_Instructions to follow_
Please copy exactly the part of the records below that opens with the line containing "Wet- en regelgeving" and closes with the line containing "Grèce Olympie, ruines", leaving out any pictures.

_Exercise input_
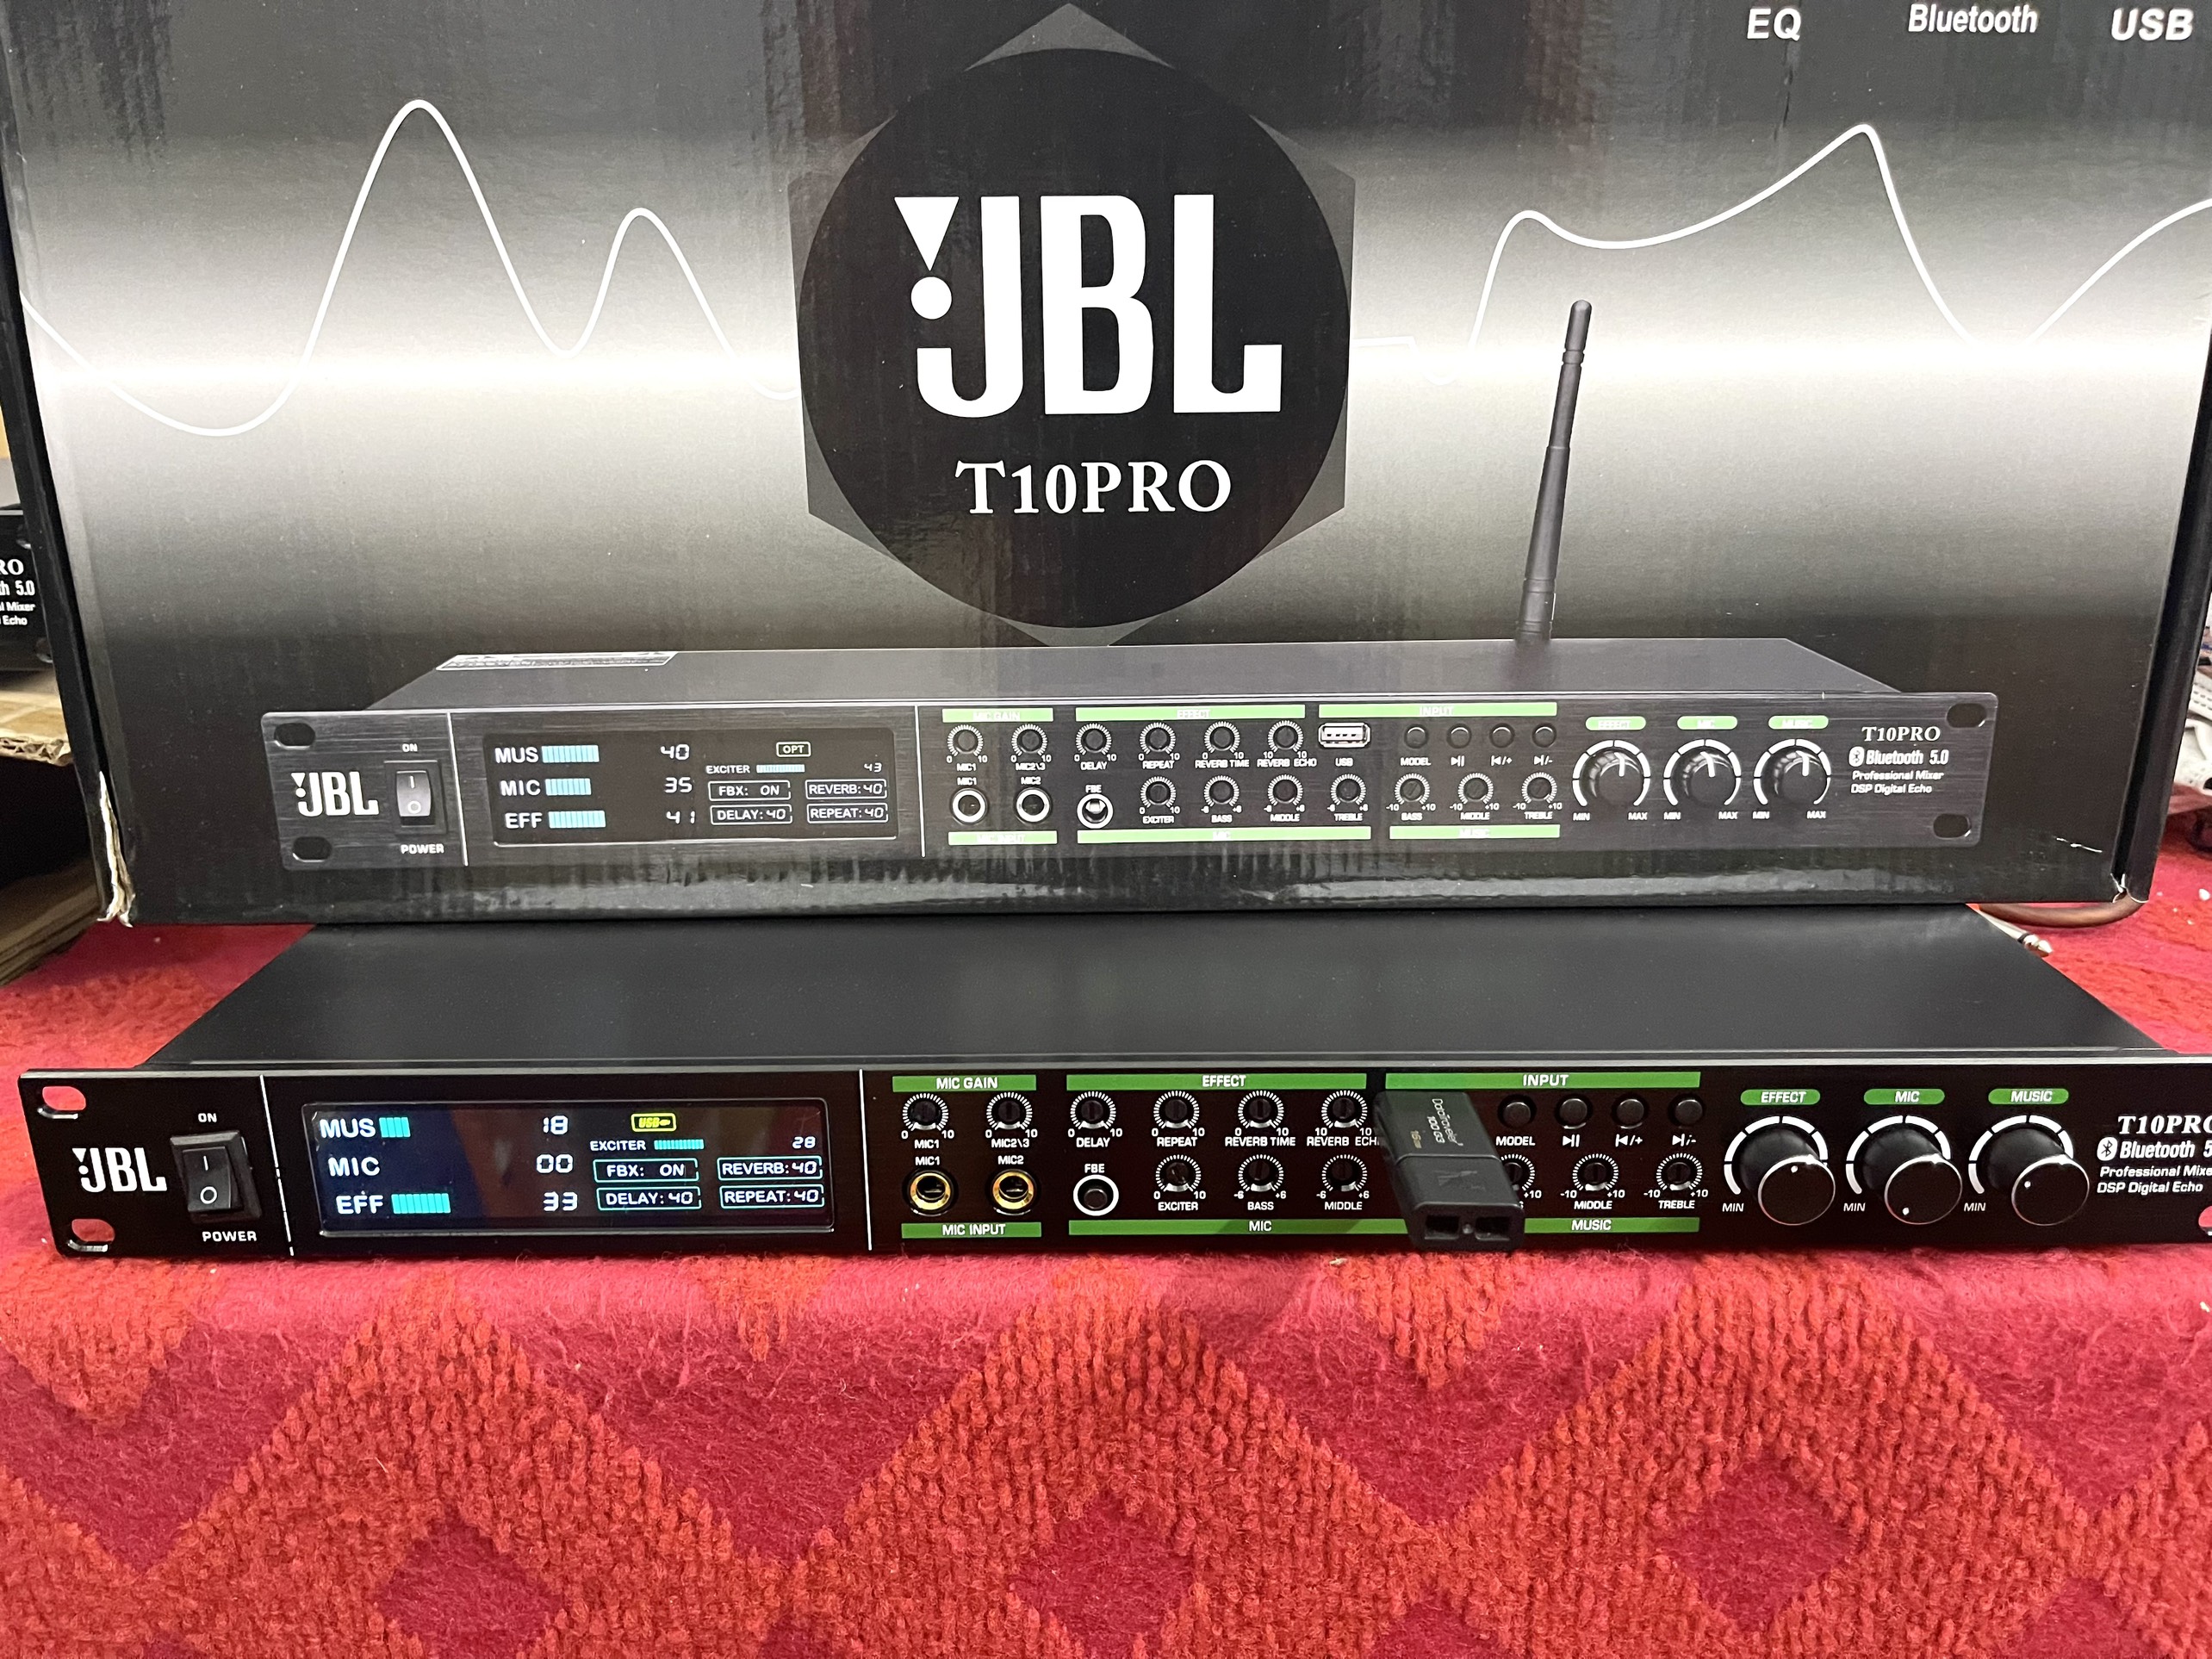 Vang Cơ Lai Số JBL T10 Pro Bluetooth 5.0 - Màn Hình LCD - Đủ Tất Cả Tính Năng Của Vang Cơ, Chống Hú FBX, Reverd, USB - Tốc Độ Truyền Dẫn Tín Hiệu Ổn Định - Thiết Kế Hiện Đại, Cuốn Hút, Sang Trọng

==

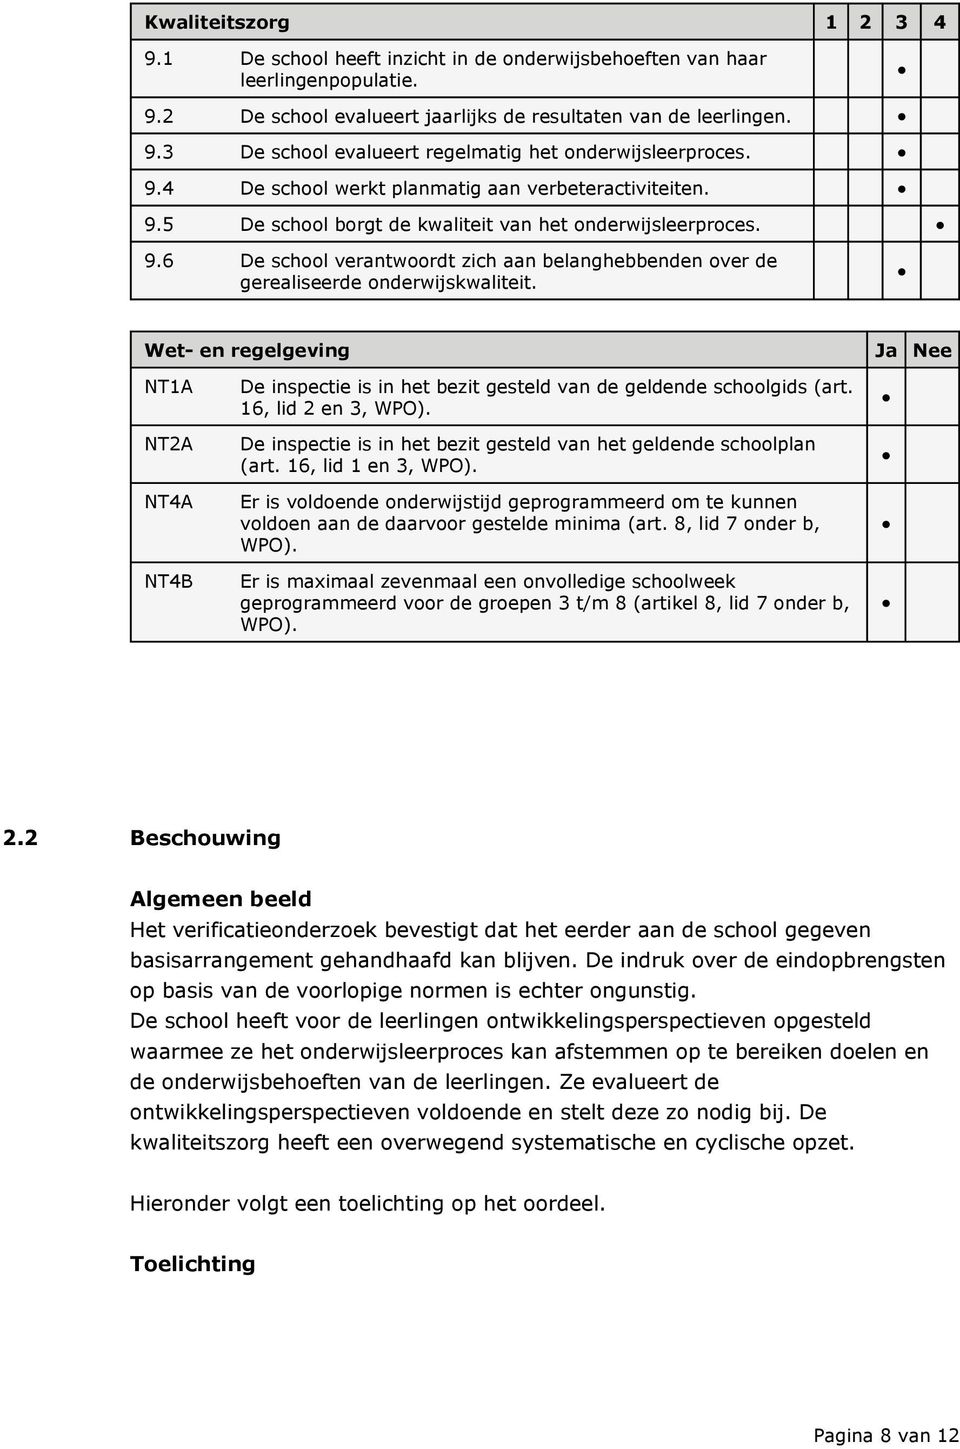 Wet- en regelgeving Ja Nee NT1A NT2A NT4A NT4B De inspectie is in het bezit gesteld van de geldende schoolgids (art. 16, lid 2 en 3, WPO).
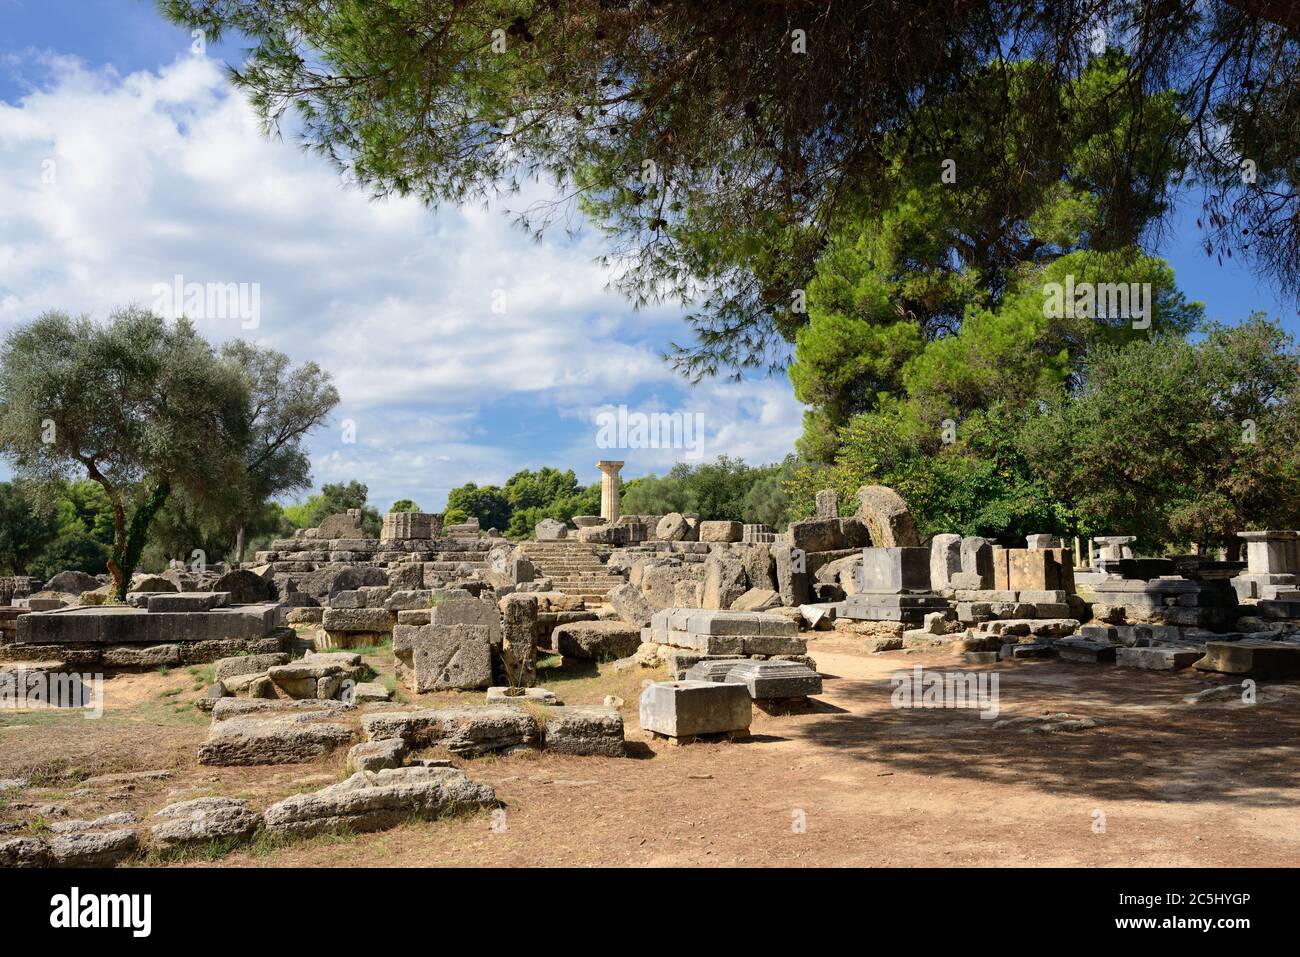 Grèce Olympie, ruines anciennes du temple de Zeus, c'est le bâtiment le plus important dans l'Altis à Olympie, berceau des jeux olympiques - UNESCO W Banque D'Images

--

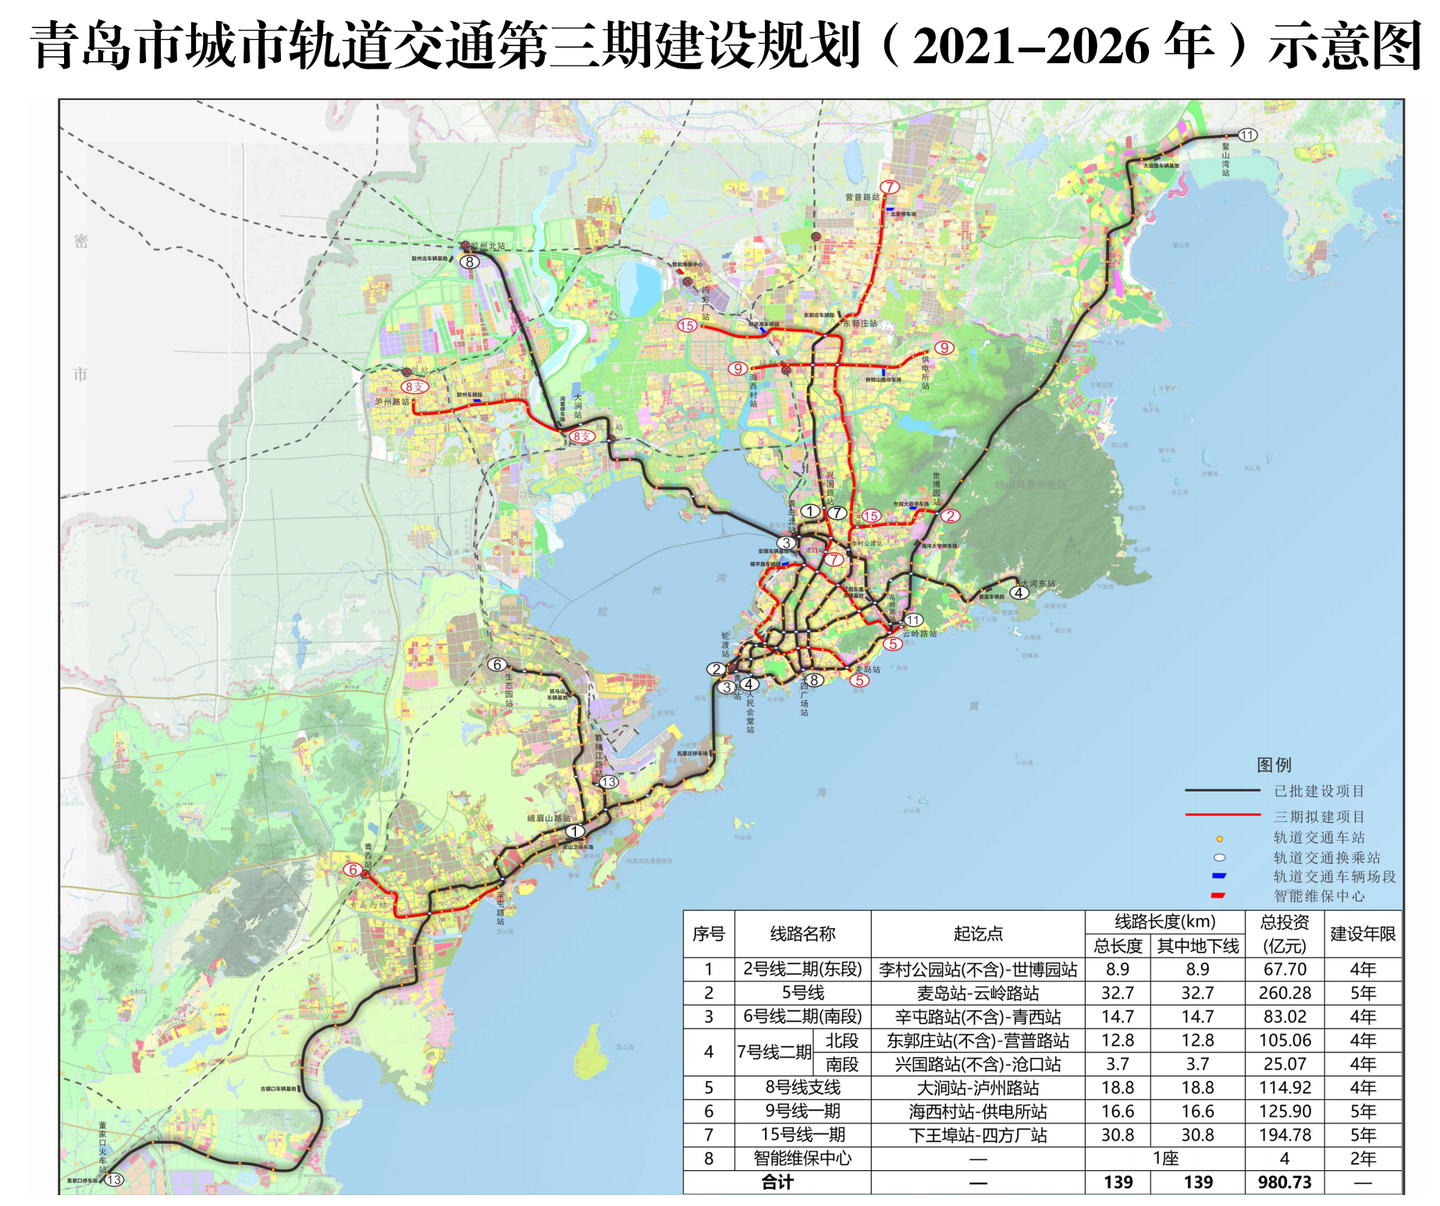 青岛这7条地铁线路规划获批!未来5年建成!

_Solution to this problem_
 Wet- en regelgeving Ja Nee NT1A NT2A NT4A NT4B De inspectie is in het bezit gesteld van de geldende schoolgids (art. 16, lid 2 en 3, WPO).
 Grèce Olympie, ruines anciennes du temple de Zeus, c'est le bâtiment le plus important dans l'Altis à Olympie, berceau des jeux olympiques - UNESCO W Banque D'Images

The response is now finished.